Supplied data section start

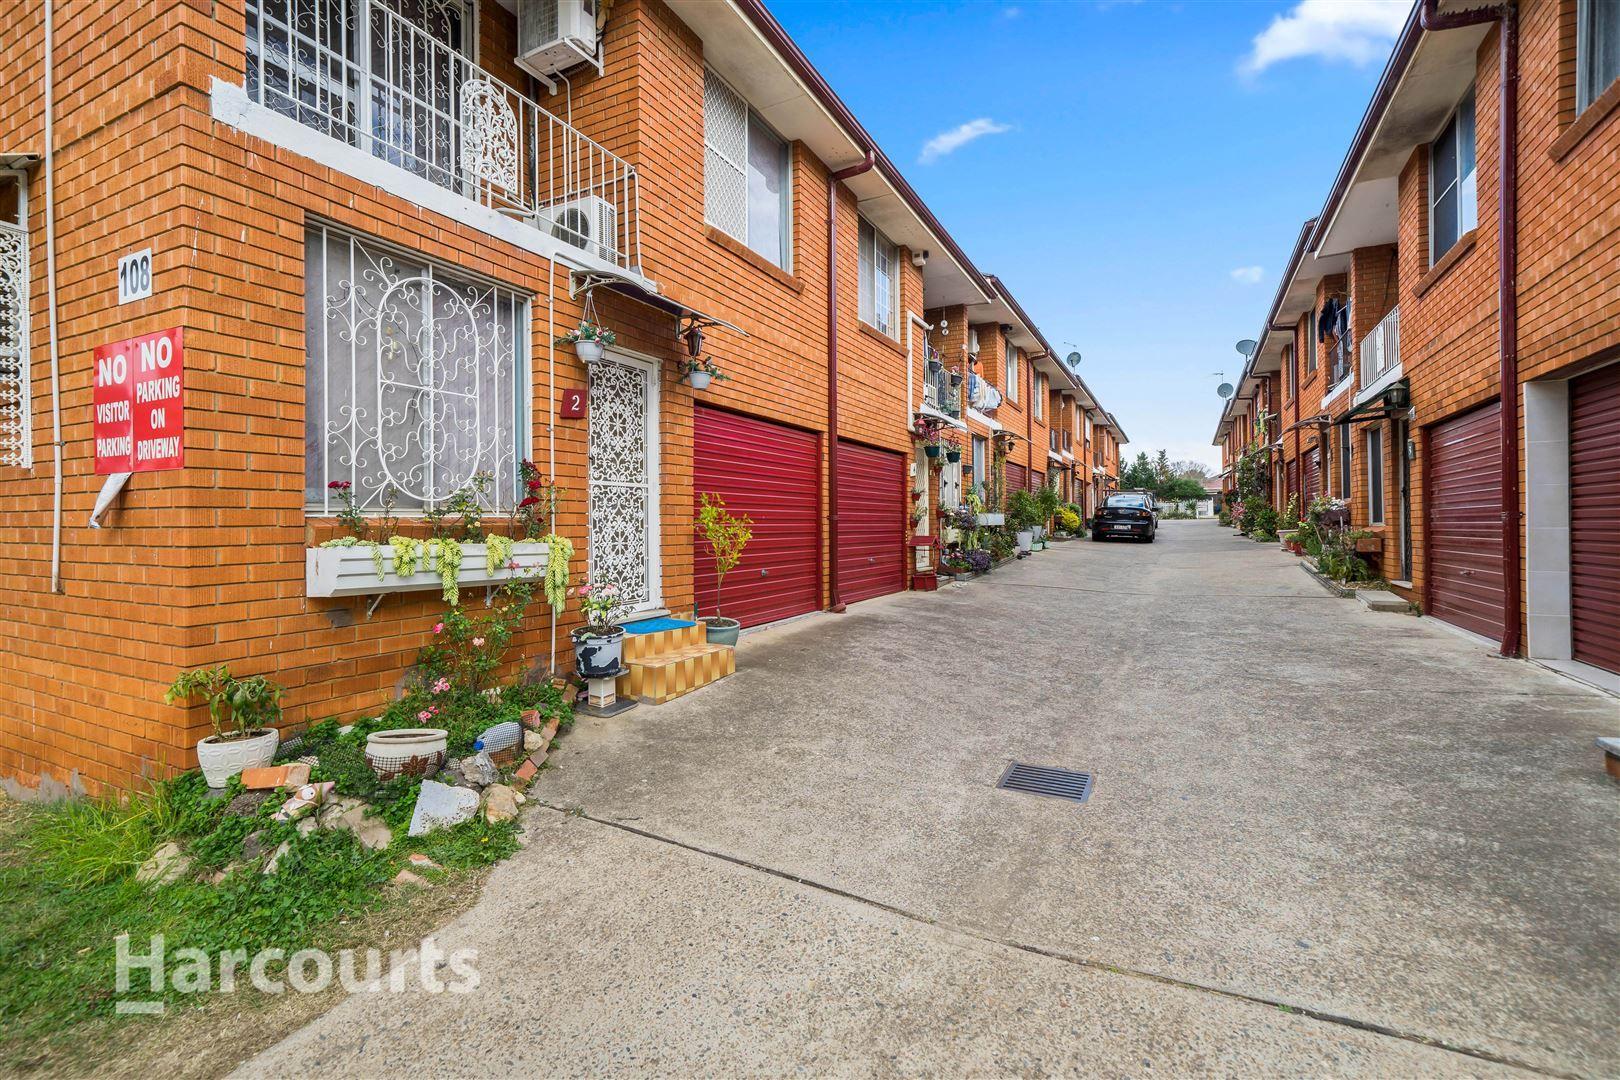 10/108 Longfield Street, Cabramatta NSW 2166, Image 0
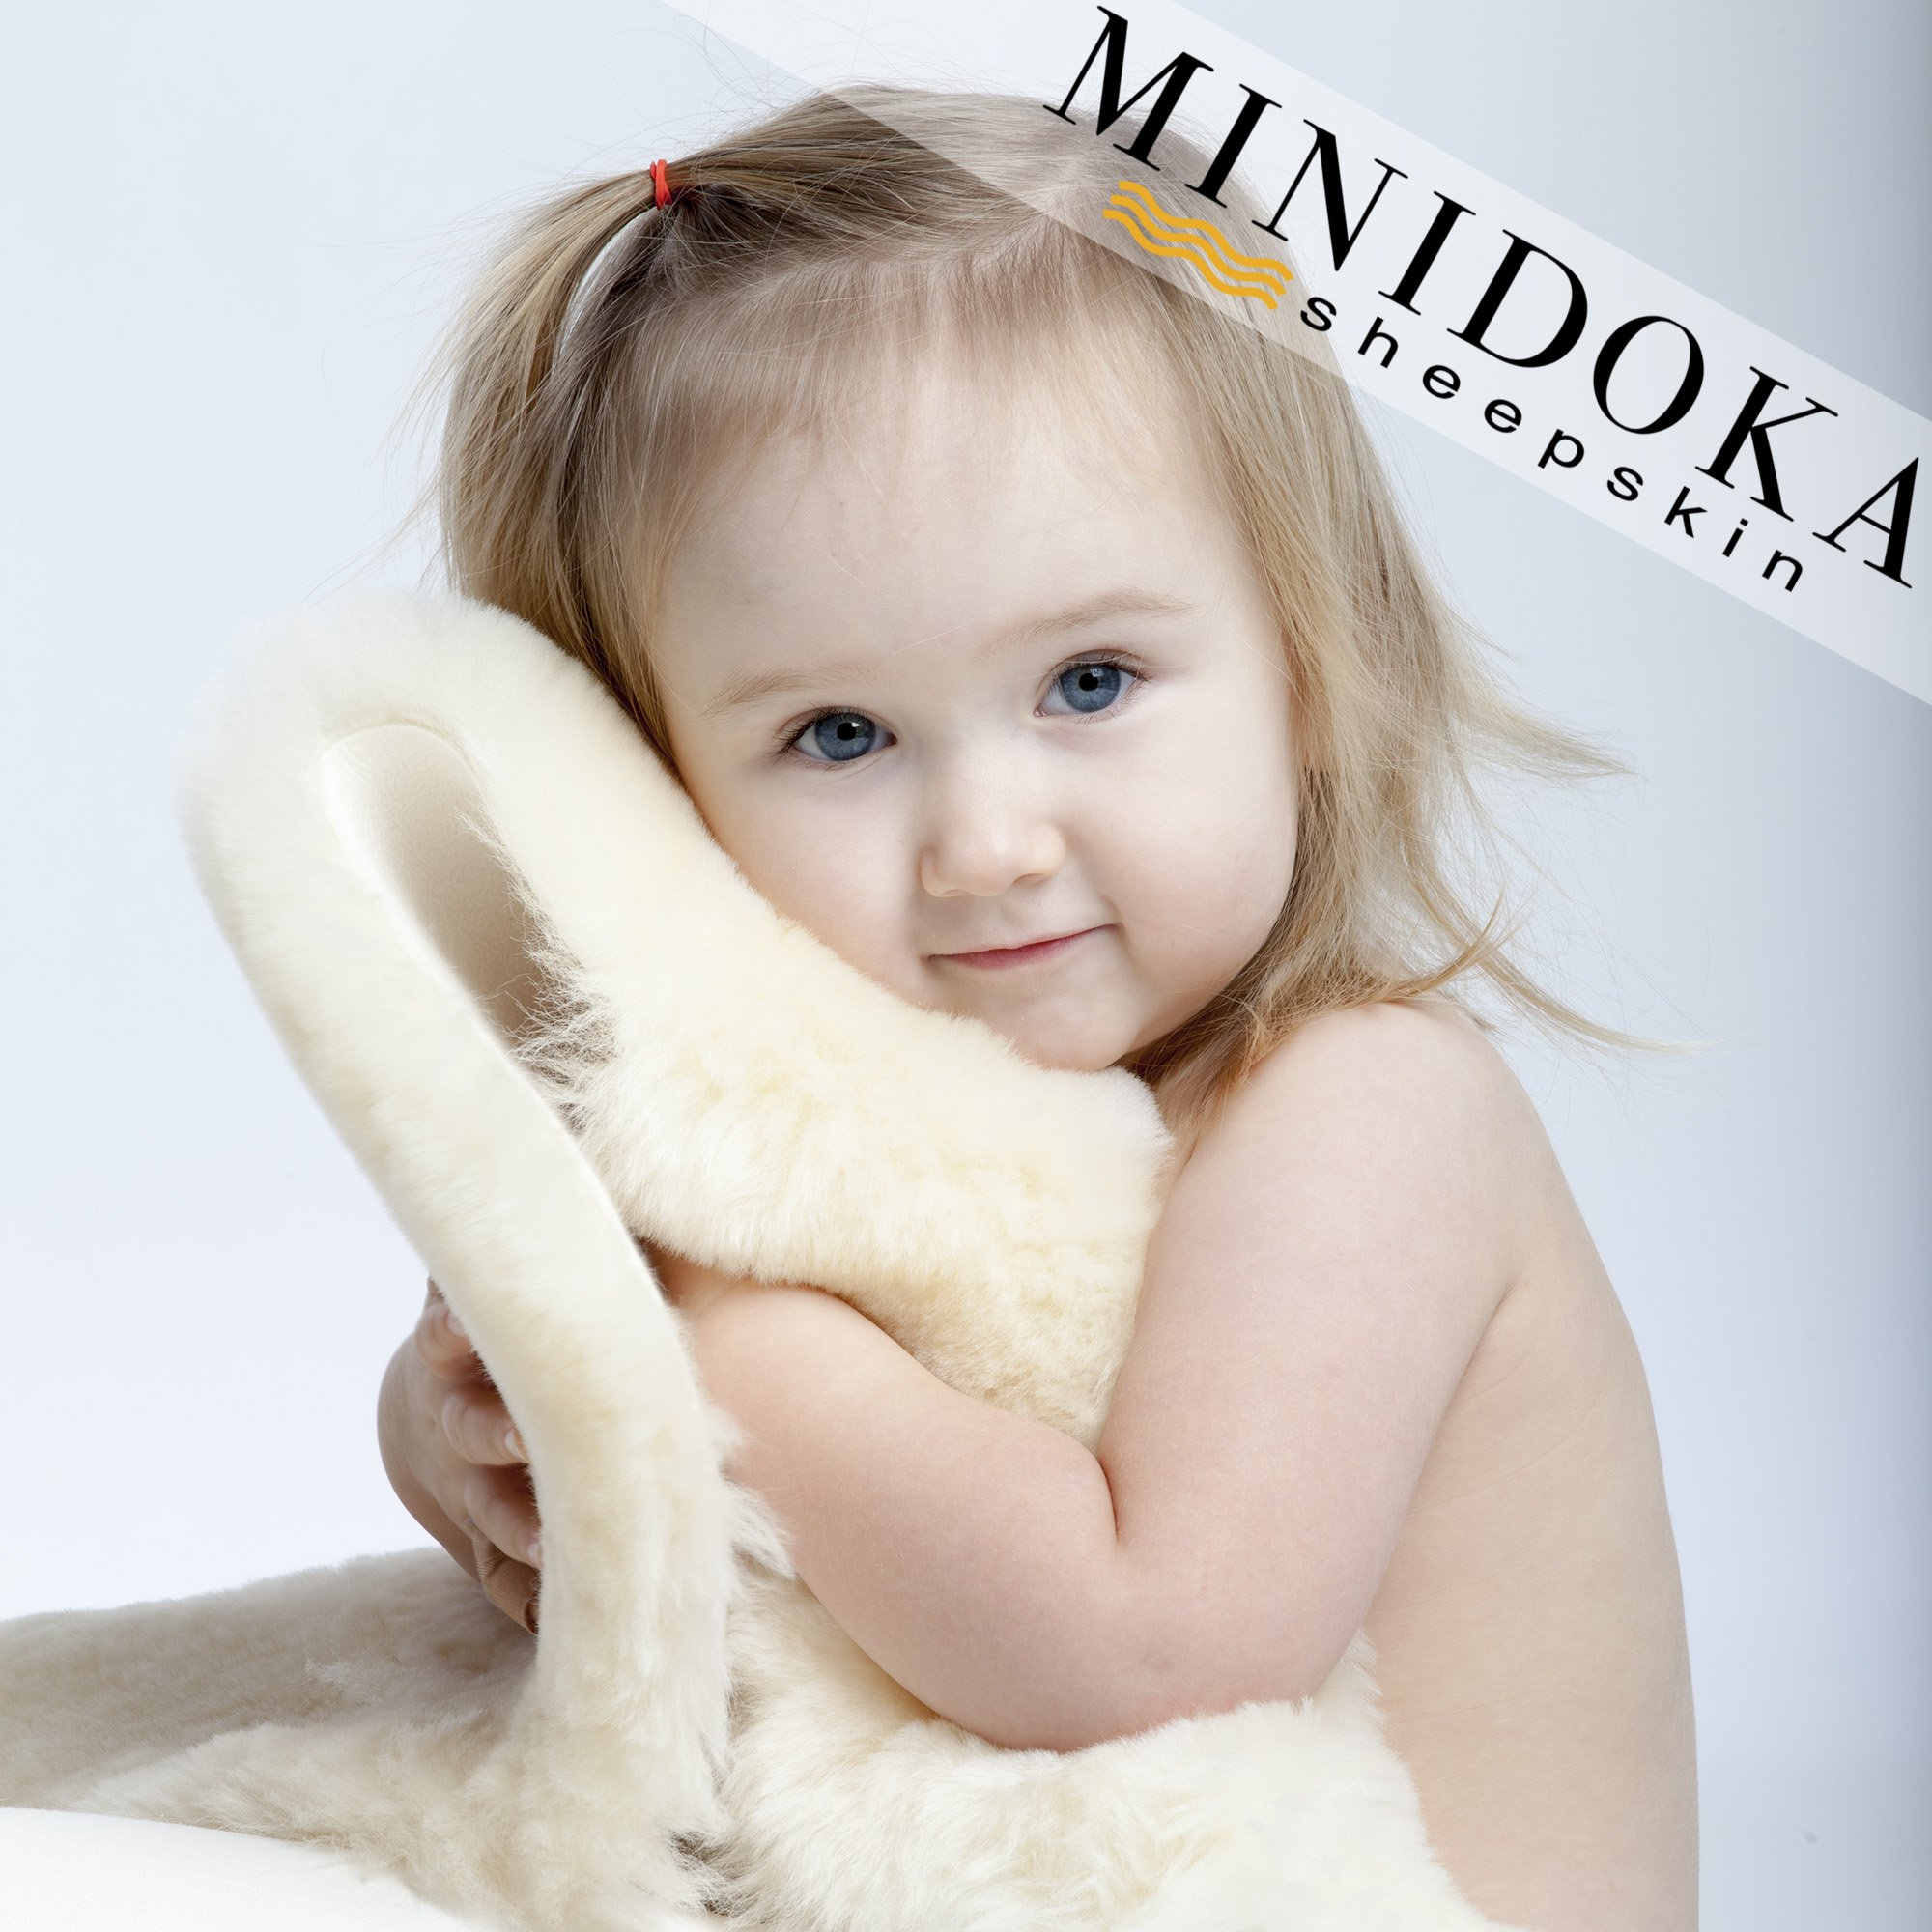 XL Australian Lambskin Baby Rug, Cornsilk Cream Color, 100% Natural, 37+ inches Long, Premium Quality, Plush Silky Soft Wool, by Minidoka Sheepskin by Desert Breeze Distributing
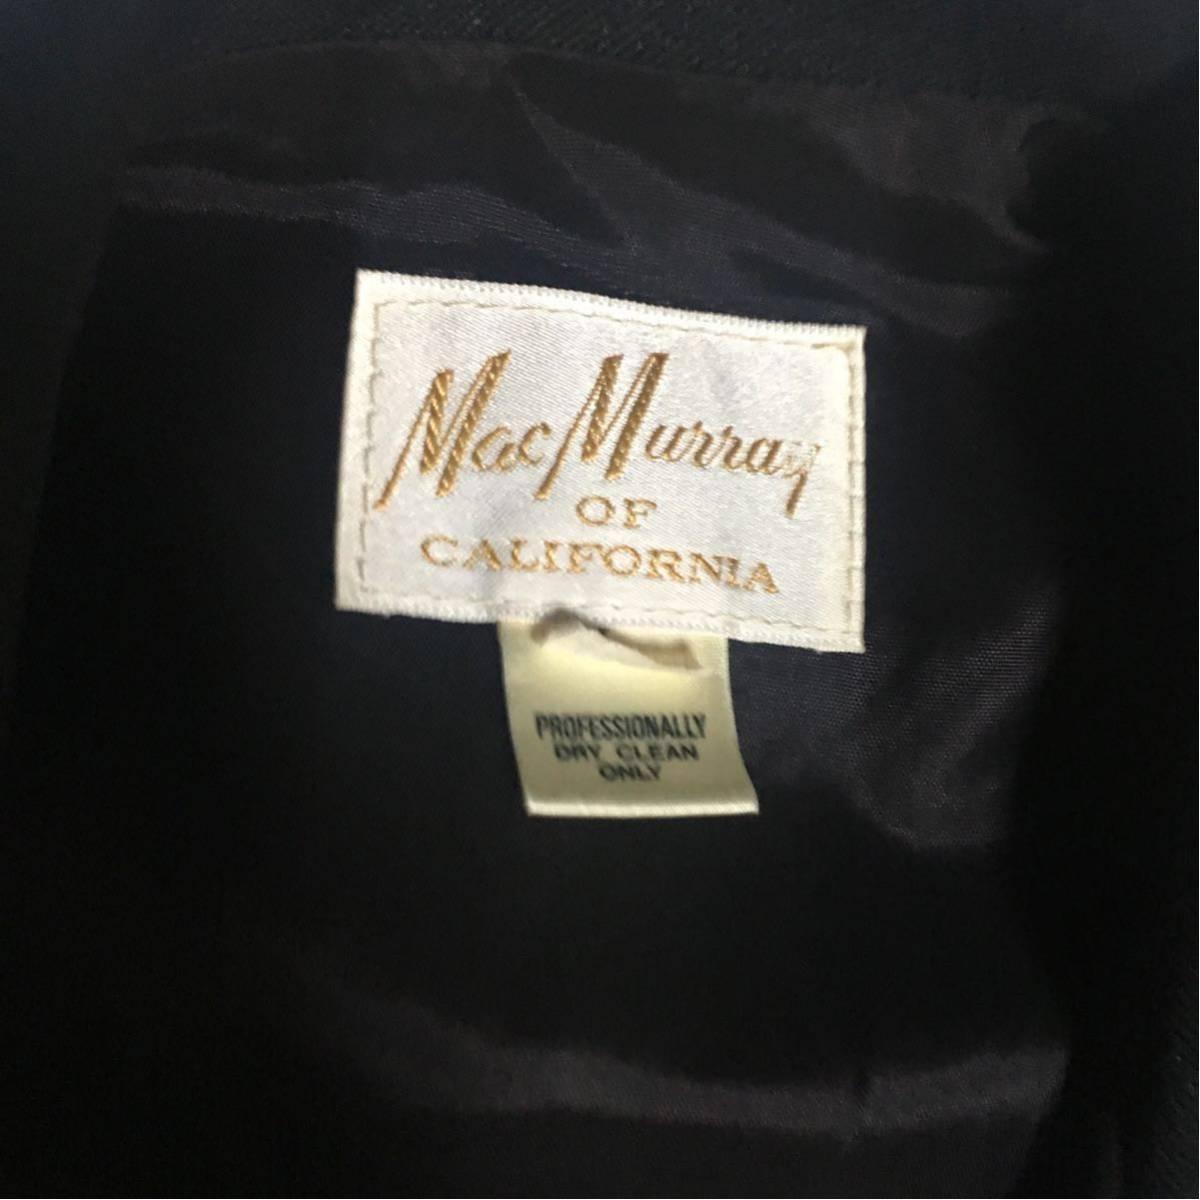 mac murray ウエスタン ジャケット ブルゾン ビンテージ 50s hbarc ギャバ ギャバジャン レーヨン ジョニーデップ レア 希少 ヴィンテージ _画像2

Supplied data section end

Required action
The whole listing above must be duplicated word for word, apart from its pictures.

Answer section
 10/108 Longfield Street, Cabramatta NSW 2166, Image 0
 XL Australian Lambskin Baby Rug, Cornsilk Cream Color, 100% Natural, 37+ inches Long, Premium Quality, Plush Silky Soft Wool, by Minidoka Sheepskin by Desert Breeze Distributing
 mac murray ウエスタン ジャケット ブルゾン ビンテージ 50s hbarc ギャバ ギャバジャン レーヨン ジョニーデップ レア 希少 ヴィンテージ _画像2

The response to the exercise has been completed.